Выбрать главу

Сергея манит по вечерам синева лесов за согрой. Пугала когда-то Сибирь отдаленностью, морозами, каторжностью. А она встретила солнцем с необжигающей лаской, тяжелой росой на лозняке, щедрыми и тихими реками. Налитый, не искалеченный ветрами, не успевший покривиться, стоял березняк, и млела в сквозных бликах трава под ним.

Есть в Сибири какая-то незащищенность. Даже в мощном ее цветении что-то детское, не завязавшееся в сопротивлении со сквозняками и палящим солнцем. Над Сибирью стоит щадящая умеренность и голубизна.

И даже зимой она не сбивает сорокаградусными морозами. При неподвижности остекленевшего месяца порошит снегом, бодрит без злобы.

Доверились люди ее щедроте.

Приняли и вобрали ее покой, стали для нее своими. Развернулись. Словно скинули одежду нужды и встали во весь рост.

Вон и соседка — Прасковья Ваганова. Только перед отъездом за Ефима замуж вышла. Шестнадцати лет. Босиком в огороде коноплю дергала. Сына родила, а женщиной не стала, все, казалось, носом шмыгает. А сейчас, Откуда что взялось. Выпрямилась. Нежную незагорелость груди в расстегнутом распаде кофты не прикроет, а медленно посмотрит сквозь ресницы, улыбнется и уйдет, поправляя рукой закрутку косы на голове.
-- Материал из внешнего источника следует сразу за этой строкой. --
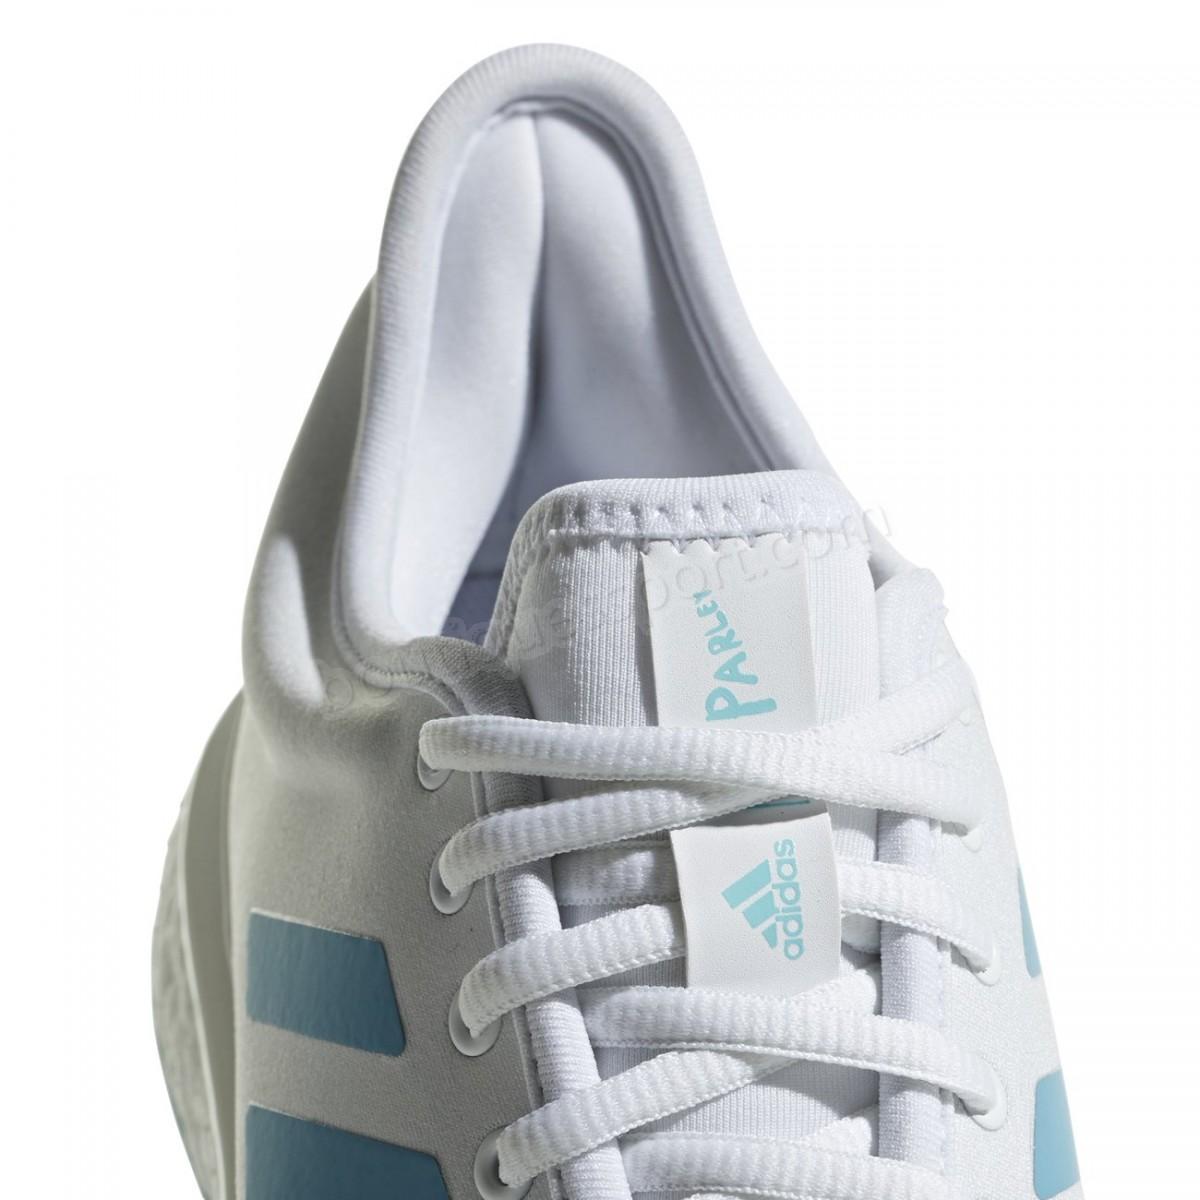 Tennis femme ADIDAS PERFORMANCE Chaussures femme adidas SoleCourt Boost Parley Soldes - -5

Грубый холст кофты на Прасковье как чужеродное обрамление — лишь затем, чтобы лучше подать зарождавшуюся в ней красивую женщину. А в глазах ее — непроходящая тяжелая улыбка.

Сколько раз проезжала она на телеге с Ефимом мимо крыши Сергея, где он вязал рамы для окон, находила его глазами и держала взглядом до самых своих ворот, а потом, отворачиваясь, улыбалась. Тревожила Сергея эта улыбка. Долго не отпускала. Прасковья уже зеленку руками с телеги скидывала, в избе исчезала, а Сергей останавливался у верстака, замирал и медленно избавлялся от нее, а потом твердел лицом. Улыбка Прасковьи казалась ему одного значения с ухмылкой Ефима.

Ефим любил исподтишка, как из засады, подъелдыкнуть, найти в человеке самое больное. Работал он на пашне с утра до ночи, а все, казалось, даже у себя выкроит да поленится.

Сергей на стройке задерживался, а жена ждала его в землянке, теперь уже с двумя ребятишками. Подолгу ждала…

При ожидании — не только воду из-под горы носила, но и дрова. Углубится в согру с топором, нарубит тонкого березняку — по одной вытаскивает из чащи.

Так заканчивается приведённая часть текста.